11.2 ALGORITHM OF THE SKELETON

The algorithm has been implemented using object-oriented and message-passing techniques. Figure 11.1 graphically displays the data structure used to represent the tree space. It is a tree of subproblems (sp) where each node has a pointer to its father, the solution of the subproblem (sol), and the auxiliary variable (aux) for the exceptional cases when the subproblems do not have the same structure as the original problem. Additionally, a queue with the nodes pending to be explored is kept (p and n). The search tree is distributed among the processors. Registered in each node is the number of unsolved children and the number of children sent to other processors (remote children). Also, an array of pointers to the solutions of the children nodes (subsols) is kept. When all the children nodes are solved, the solution of the actual node, sol, will be calculated combining the partial solutions stored in subsols. The solution is sent up to the father node in the tree and the partial solutions are disposed of. Since the father of a node can be located in another processor, the rank of the processor owning the father is stored on each node. Implementation of the algorithmic skeleton has been divided into two stages: initialization and resolution.

images

Figure 11.1 Data structure for the tree space.

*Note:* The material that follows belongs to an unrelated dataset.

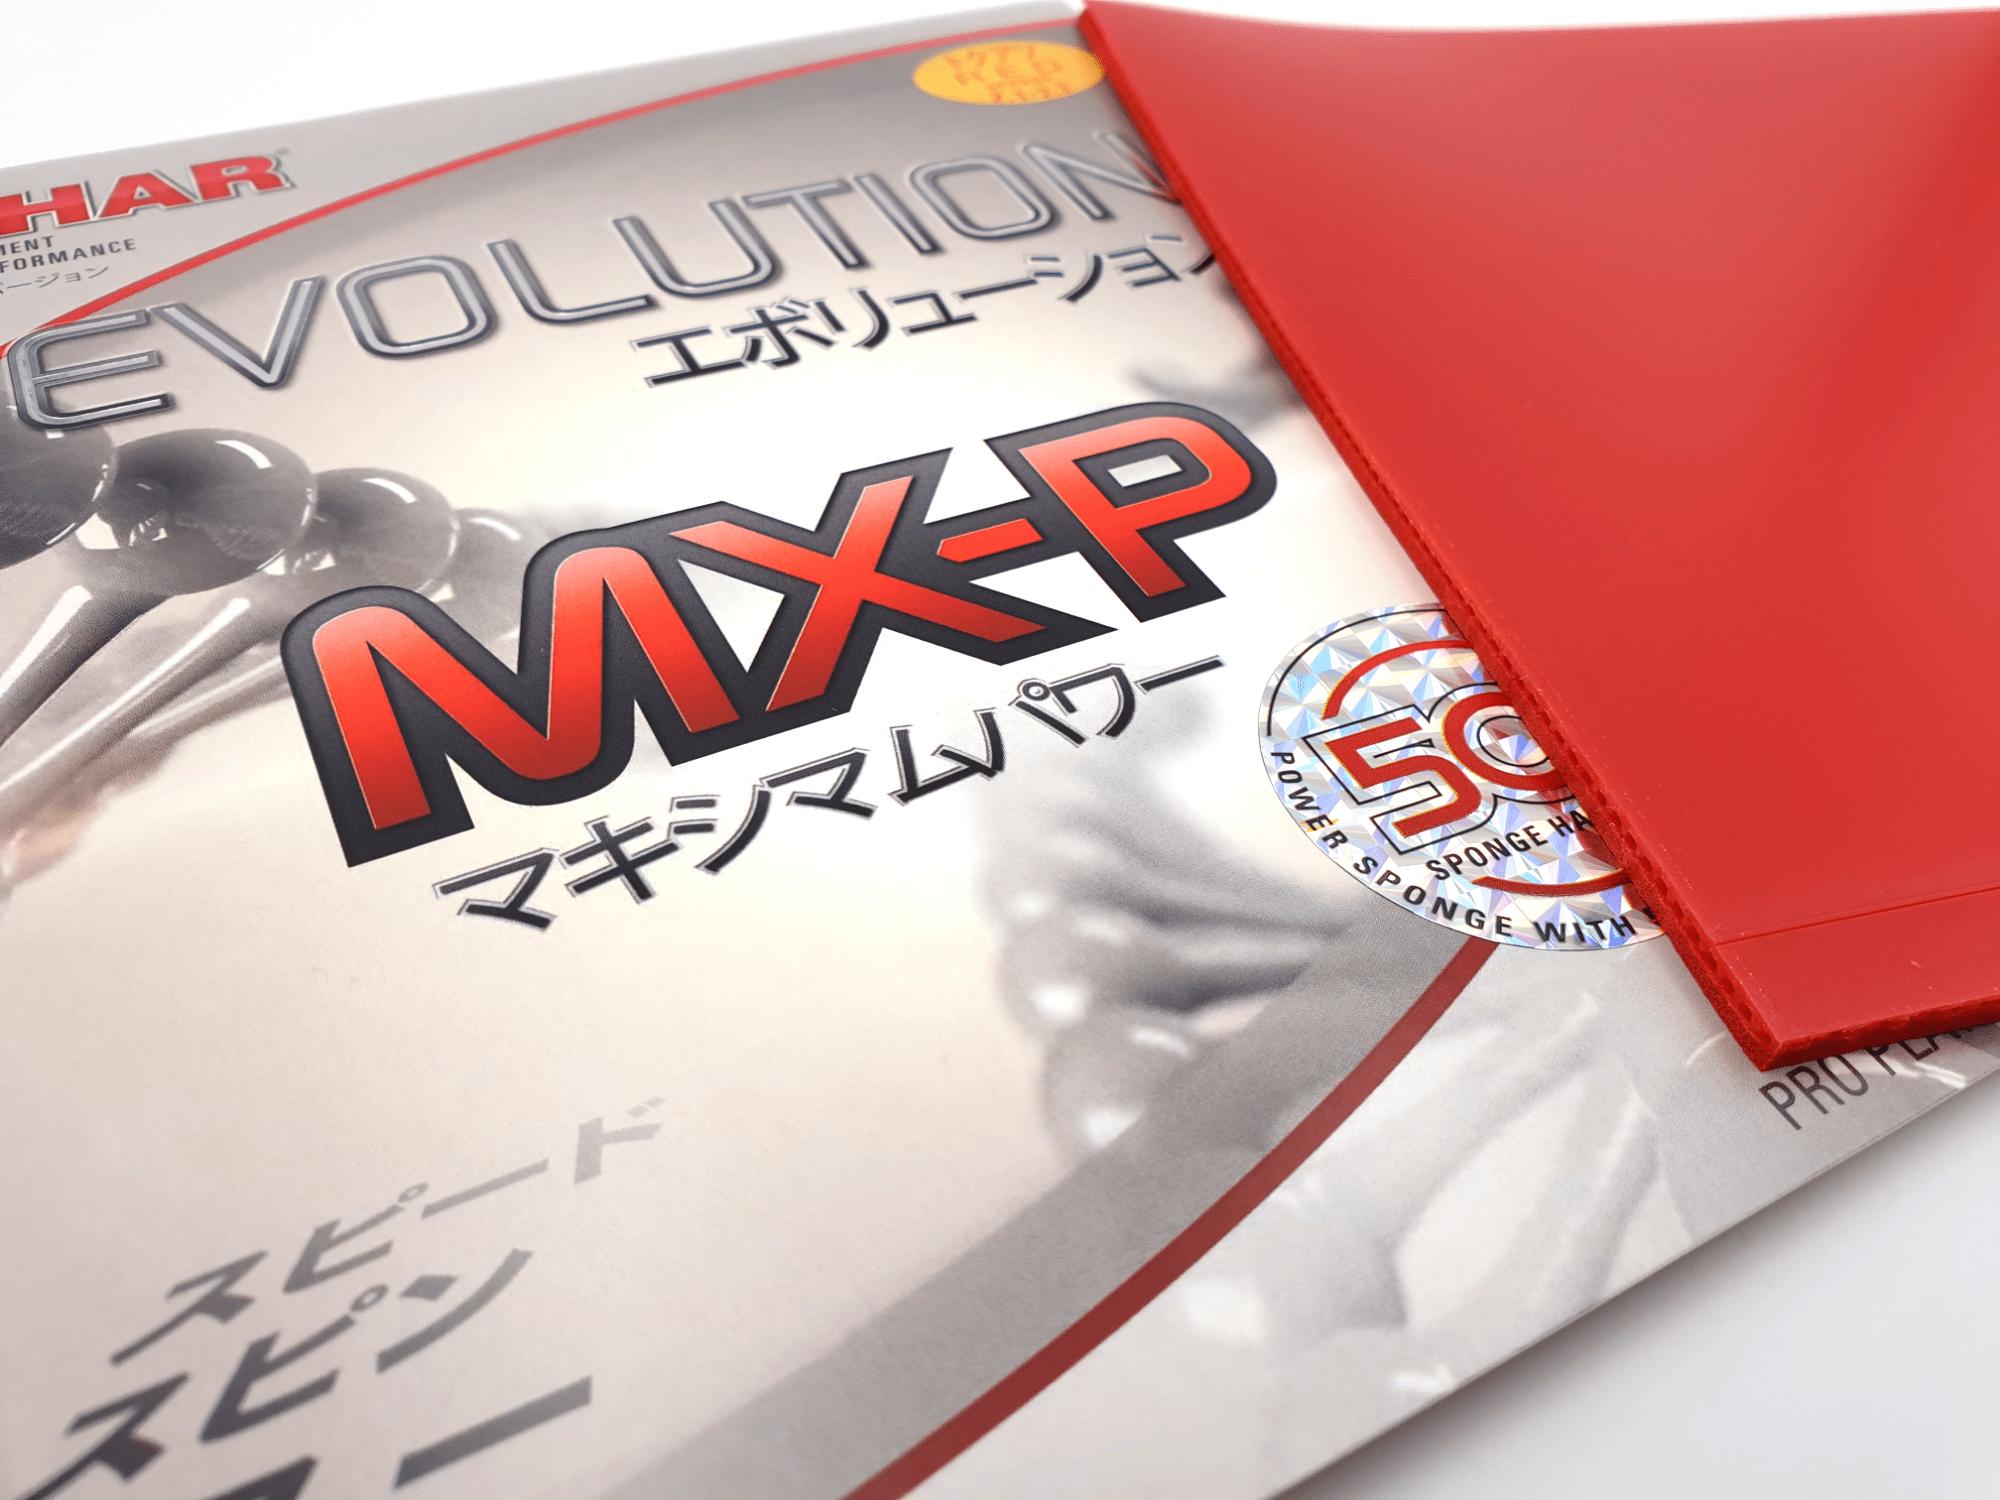 Evolution MX-P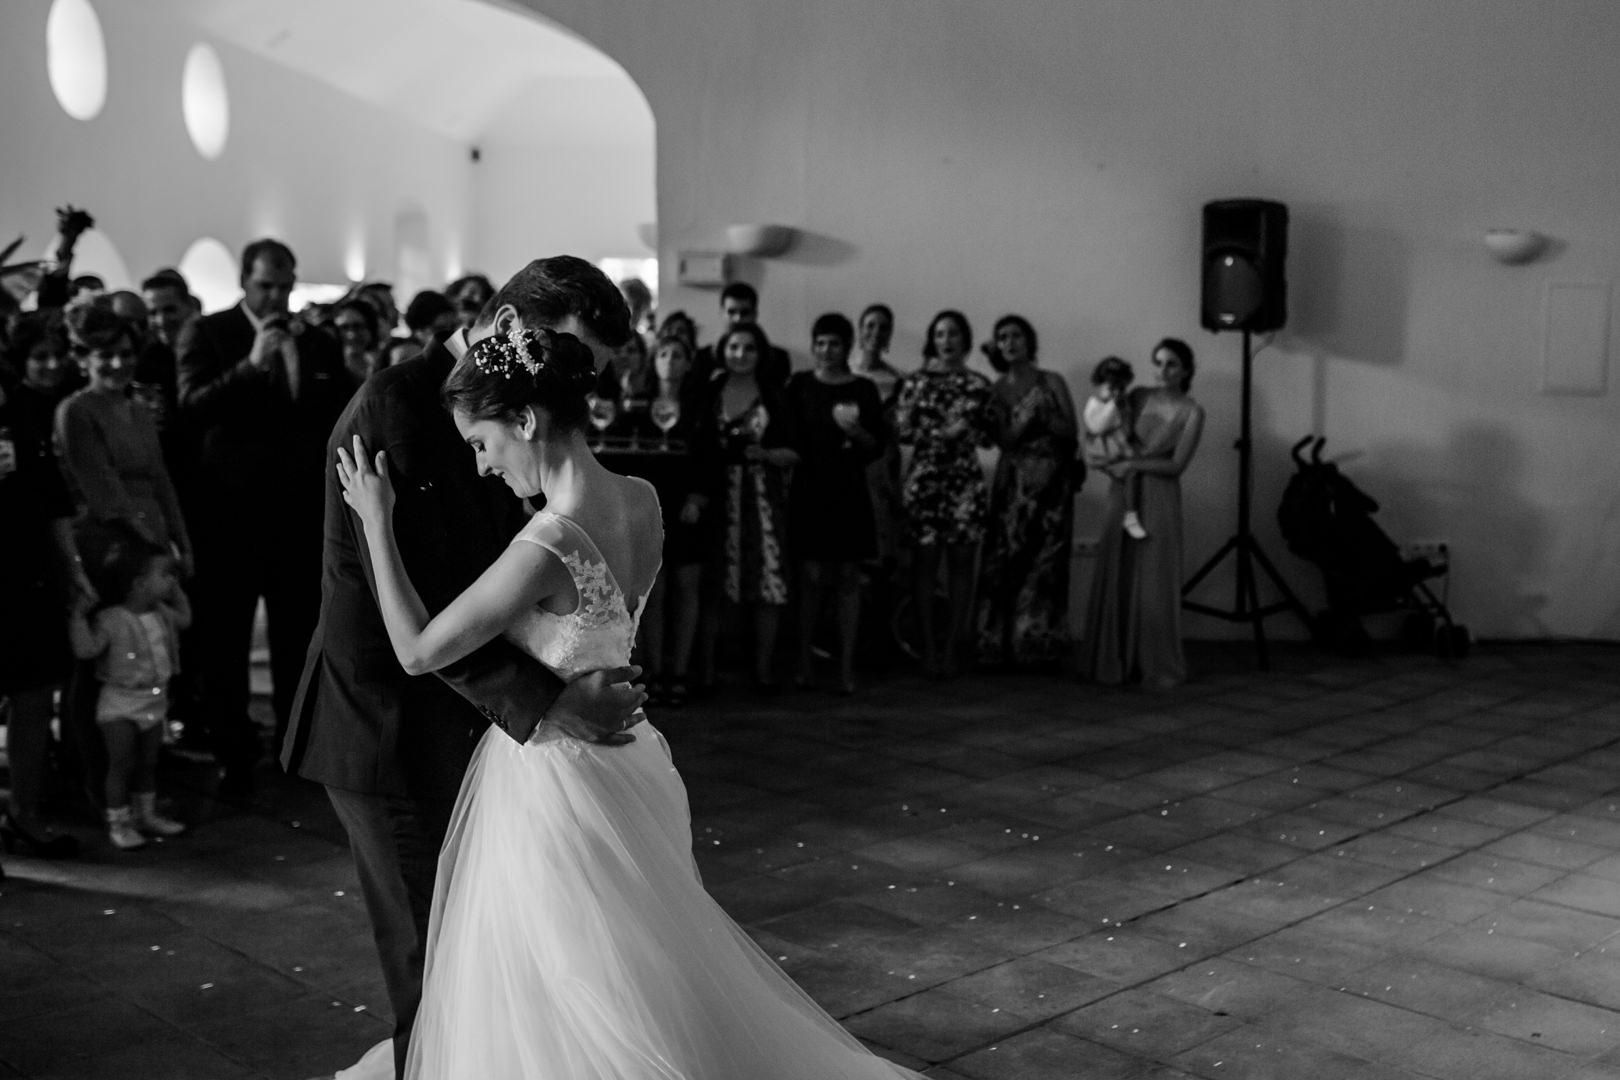 Boda-Hacienda-LOrigen-Pepe-Maria-engagement-Rafael-Torres-fotografo-bodas-sevilla-madrid-barcelona-wedding-photographer--30.jpg

11.2.1 Initialization Stage

The data required to tackle resolution of a problem are placed into the processors. Initially, only the master processor (master) has the original problem and proceeds to distribute it to the remaining processors. Next, it creates the node representing the initial subproblem and inserts it into its queue. All the processors perform monitor and work distribution tasks. The state of the set of processors intervening in the resolution is kept by all the processors. At the beginning, all the processors except master are idle. Once this phase is finished, all the processors behave in the same way.

11.2.2 Resolution Stage

The goal of the resolution stage is to find a solution to the original problem. The majority of the skeleton tasks occur during this phase. The main aim of the design of the skeleton has been to achieve a balanced distribution of the workload. Furthermore, such an arrangement is performed in a fully distributed manner using only asynchronous communication and information that is local to each processor, avoiding in this way the use of a central control and synchronization barriers.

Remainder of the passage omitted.